So, Dr.. S. has me started on Aderall after the whole your-insurance-is-going-to-screw-with-your-already-crazy-brain-and-not-cover-your-Strattera-after-???-years-drama...I get to try new things. I love variety! The first dose was kind of ...eh. The attention-grabbing response only lasted a short time and well...I was wondering why in the crock this is a controlled substance...Seriously Dean, you bought this?
So, we upped my dose and I have extended release. If I could somehow type how wide open my eyes are right now. It's pretty good though. My keyboard is practically on fire with the lines going out today and I am able to simultaneously wipe Emma's butt, scream at the dogs and dictate the education of my 13 year old without really getting sidetracked with...oohh coffee. I may even last through ugly-clothes-drinking night without too much trouble...which reminds me...I need to hunt up my polyester bell-bottoms. I should put in here, for the record, that I really can totally do jumping jacks like whoa. I could probably do jumping jacks and type and yell at the dogs and dictate the education of the 13 year old. Gonna try it.
*****
Yeah okay, so the drug does not enhance coordination at all. Fail on the jumping jacks. It does, however, suppress my appetite to the point that I really can't eat. Feelin' a little barfy when my mind wanders to the thought of sustenance.

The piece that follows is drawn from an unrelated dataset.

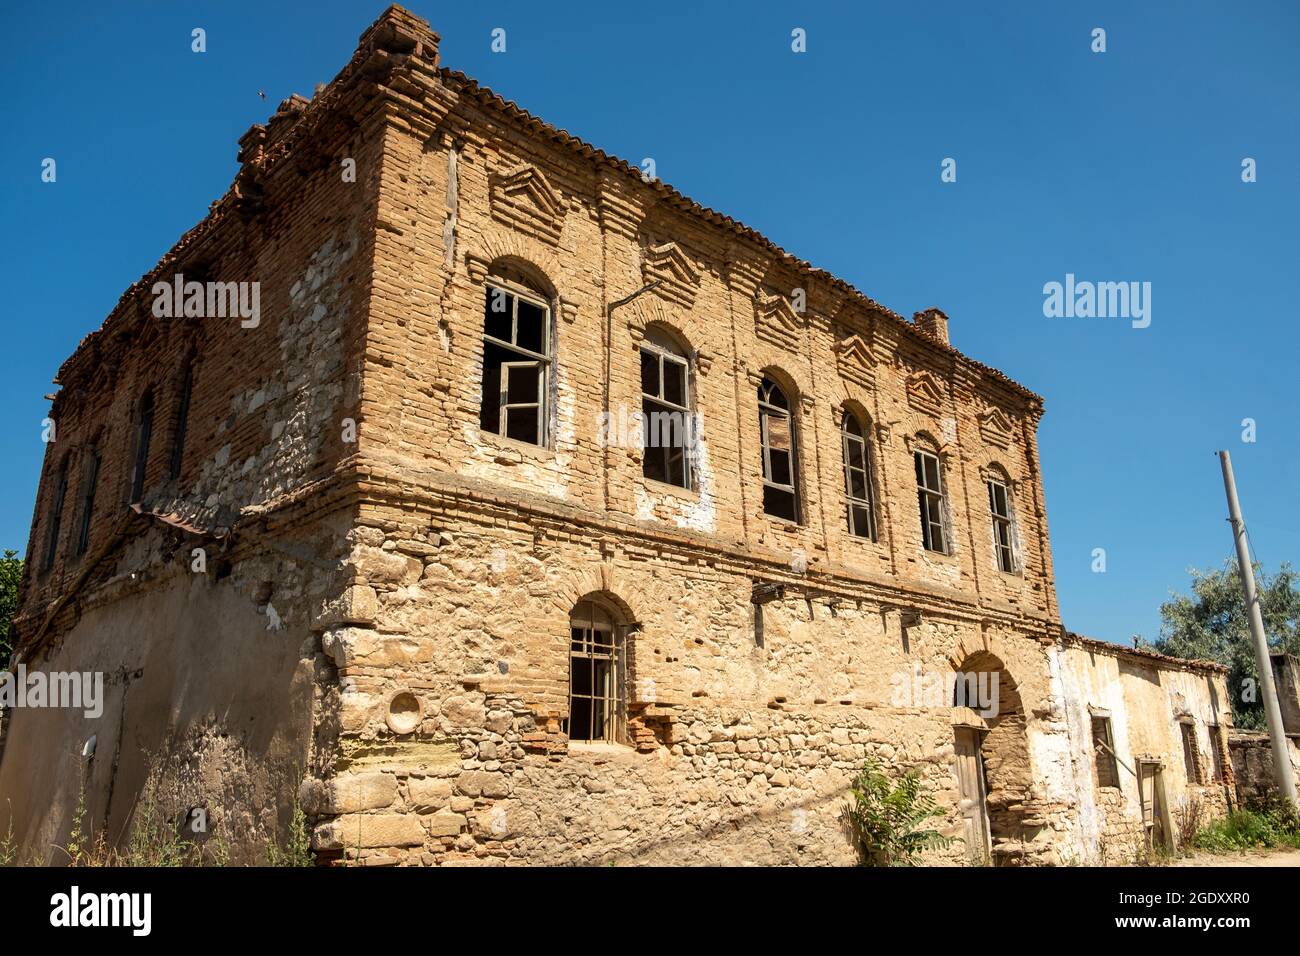 Le village d'aksu, qui est relié au district de biga de la province de çanakkale en turquie. Il y a quelques maisons anciennes dans le village d'aksu. Banque D'Images

So far though this is good.
Dr. S had mentioned that I have a lousy job for having ADD. Hm. Probably right; however, I like to have my cake and eat it too. My cake being working from home, repeatedly pressing the ctrl+alt+right arrow for a living, my fork being ADD. I deserve the cake dammit. I have a husband who isn't much help in terms of...well yeah. I have my adorable, but trying abundant supply of kids, my sick dad, my caregiver-fatigued mom, my psycho sister, an ugly dog that cannot shit outside to save her hide...seriously. I want to lick the friggin' cake.
Ugh. That looks awful. I am grateful for my family, I love my babies, I want to see my dad comfortable and my mom happy and well. I want my sister to CHILL OUUUT. I want my house together, cookies baked, supper in the crock pot, work done, butts wiped, kids happily educated and abundantly hugged and I want time to do my art. I still sound selfish.
Eh well, selfish and ENERGIZED, focused and not spinning in circles forgetting what I am supposed to be doing. WOo! Look! I even blogged! I AM AMAZING!